• TASK TO CARRY OUT:
Every line below must be copied as written, except for pictures.

• DATA PROVIDED:

◆ ◆ ◆ ◆ ◆

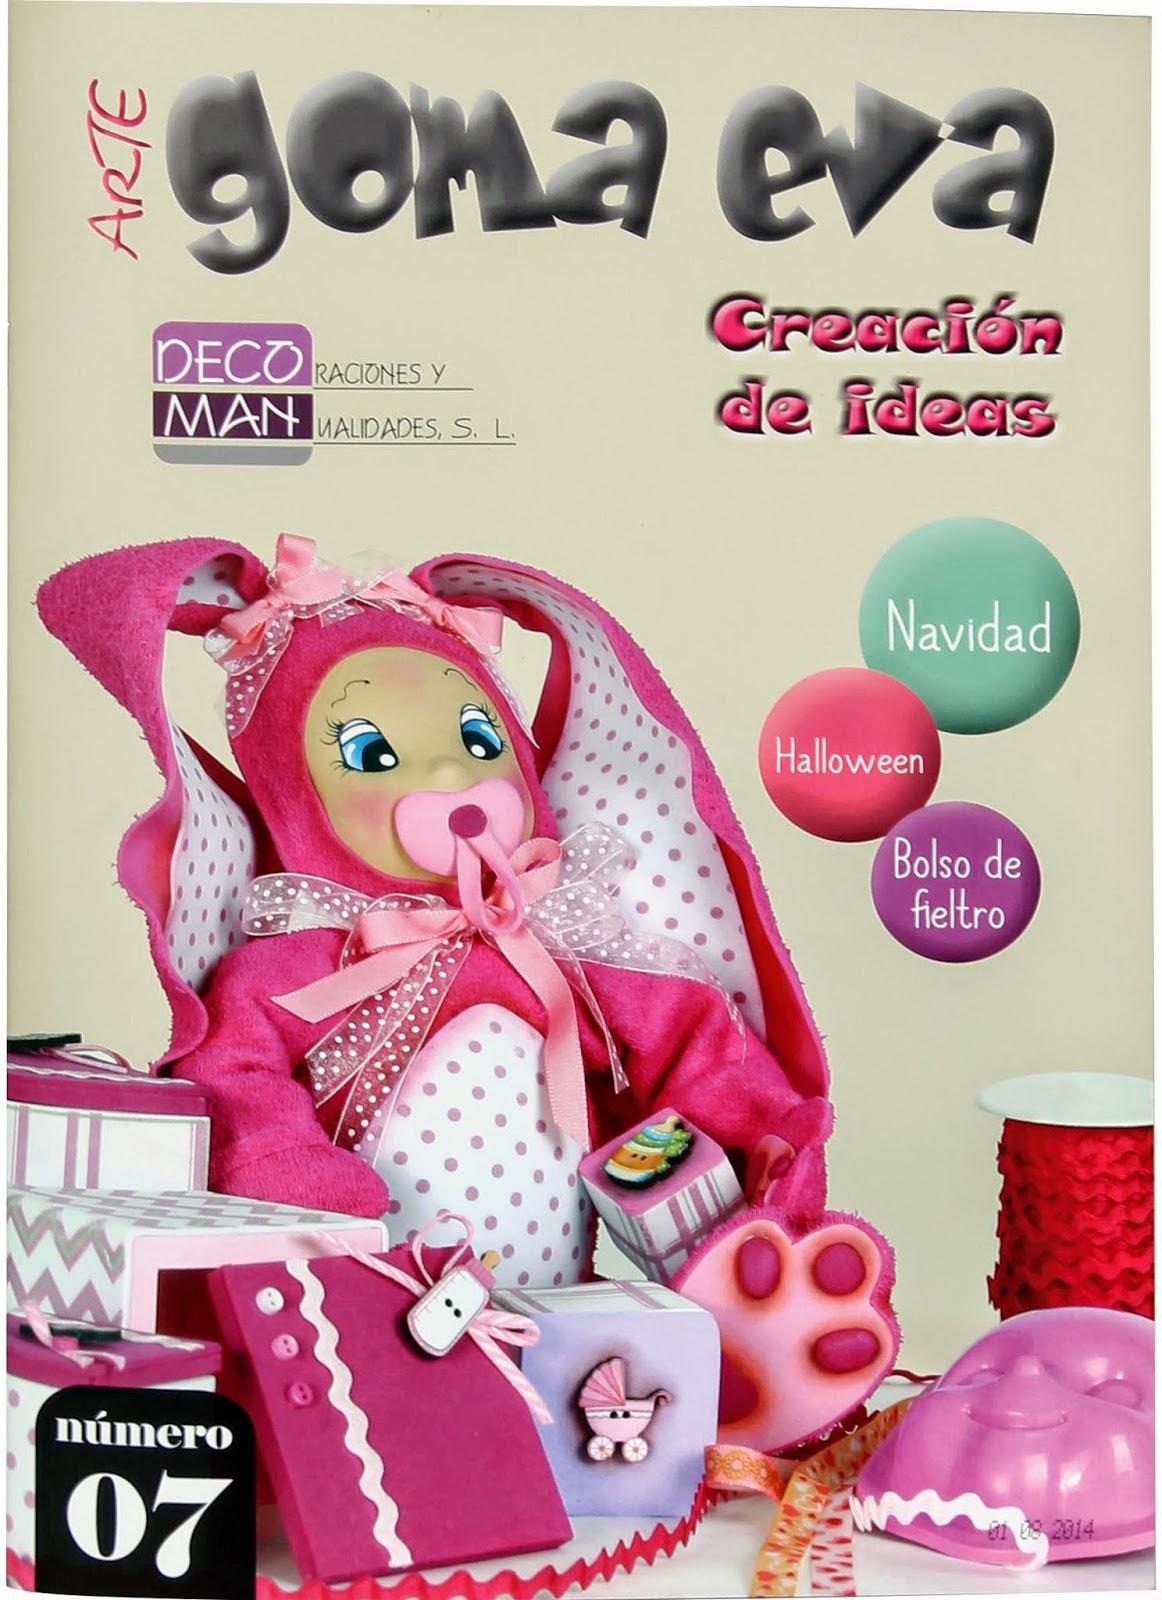 http://www.decomansl.es/catalogo/es/2401-goma-eva
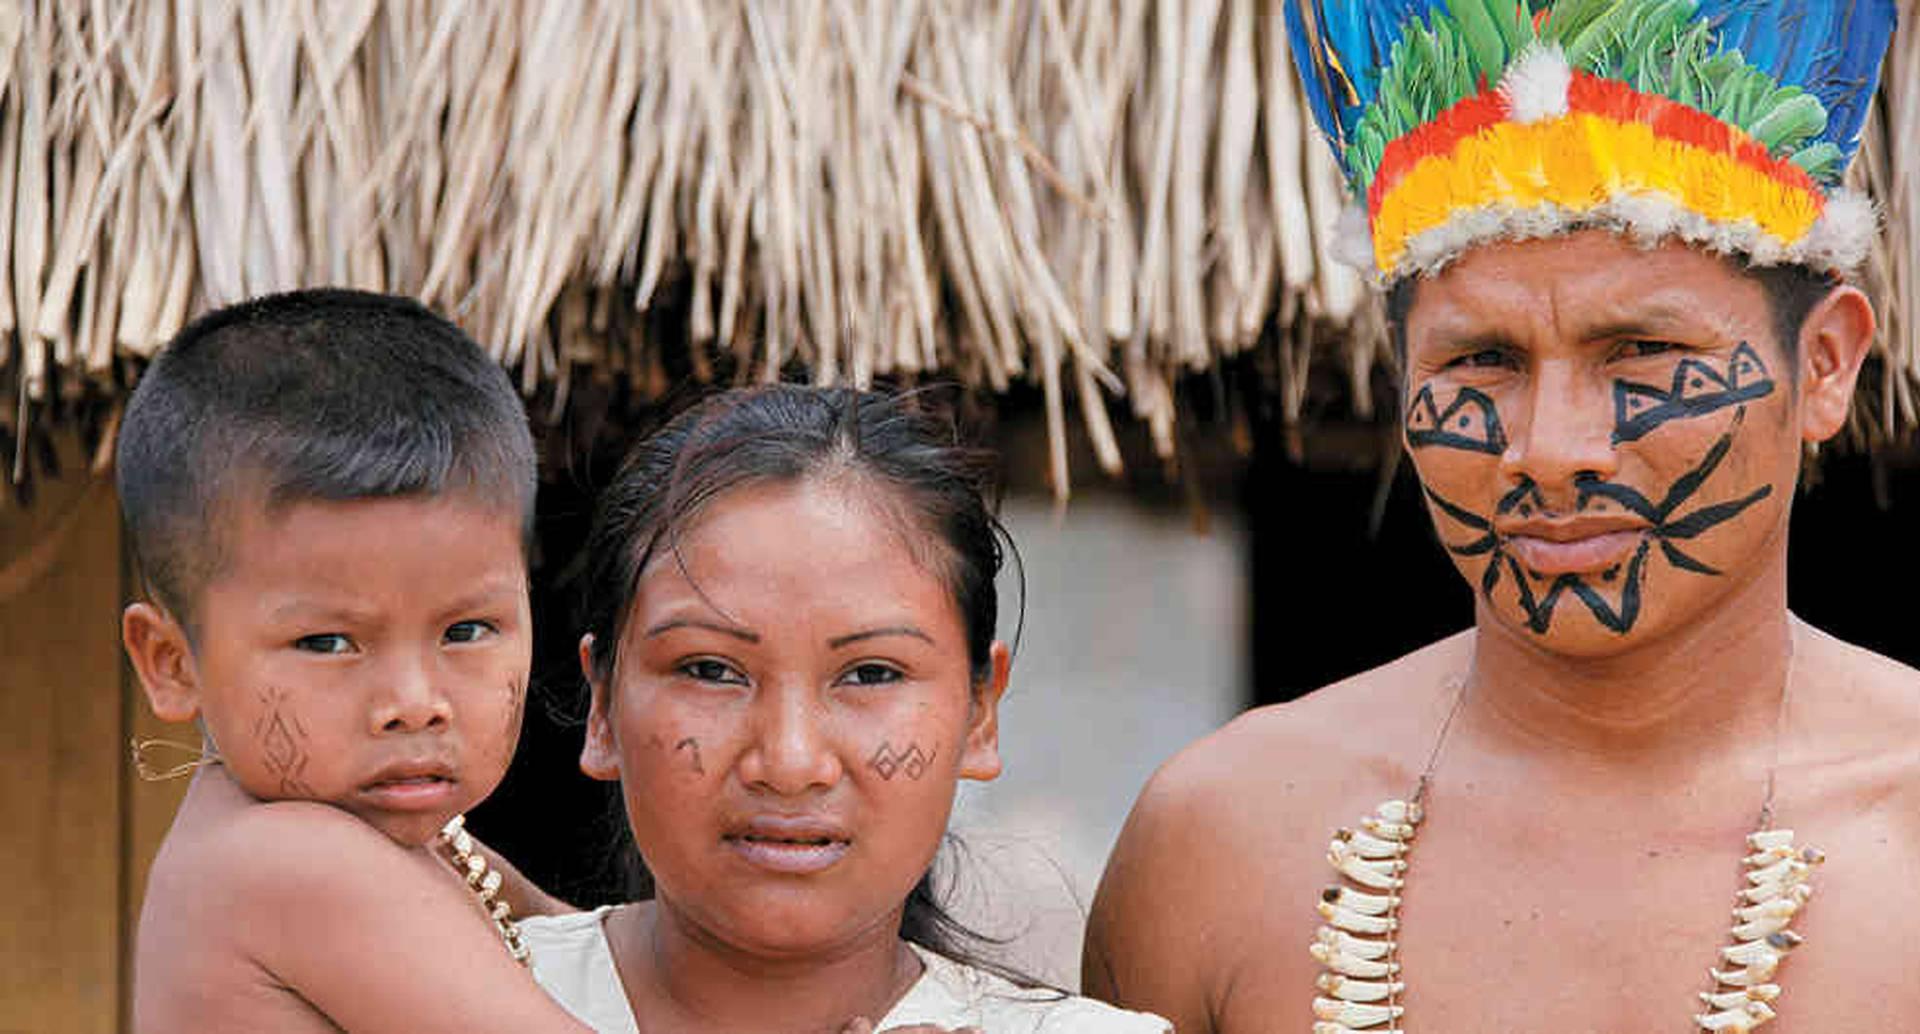 Los indígenas Sikuani elaboran piezas talladas en madera.
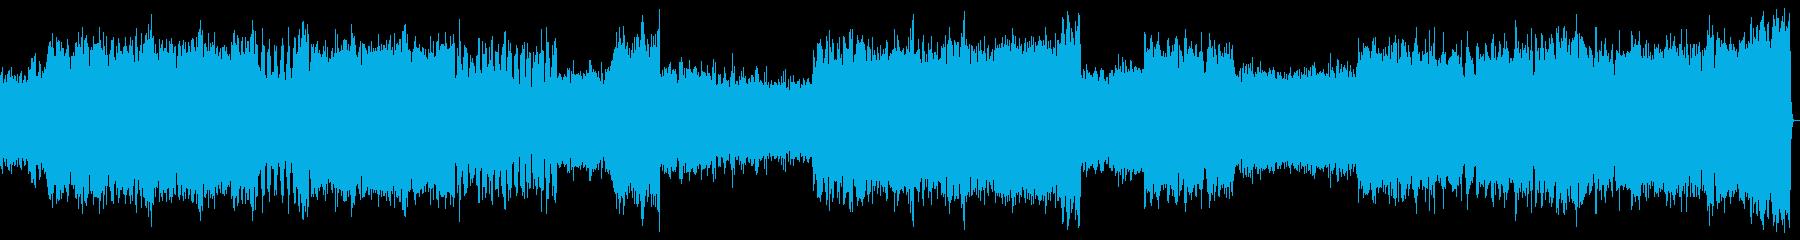 オルガン・パッサカリアとフーガ(バッハ)の再生済みの波形

◆ ◆ ◆ ◆ ◆

• TASK SOLUTION:
 http://www.decomansl.es/catalogo/es/2401-goma-eva
 Los indígenas Sikuani elaboran piezas talladas en madera.
 オルガン・パッサカリアとフーガ(バッハ)の再生済みの波形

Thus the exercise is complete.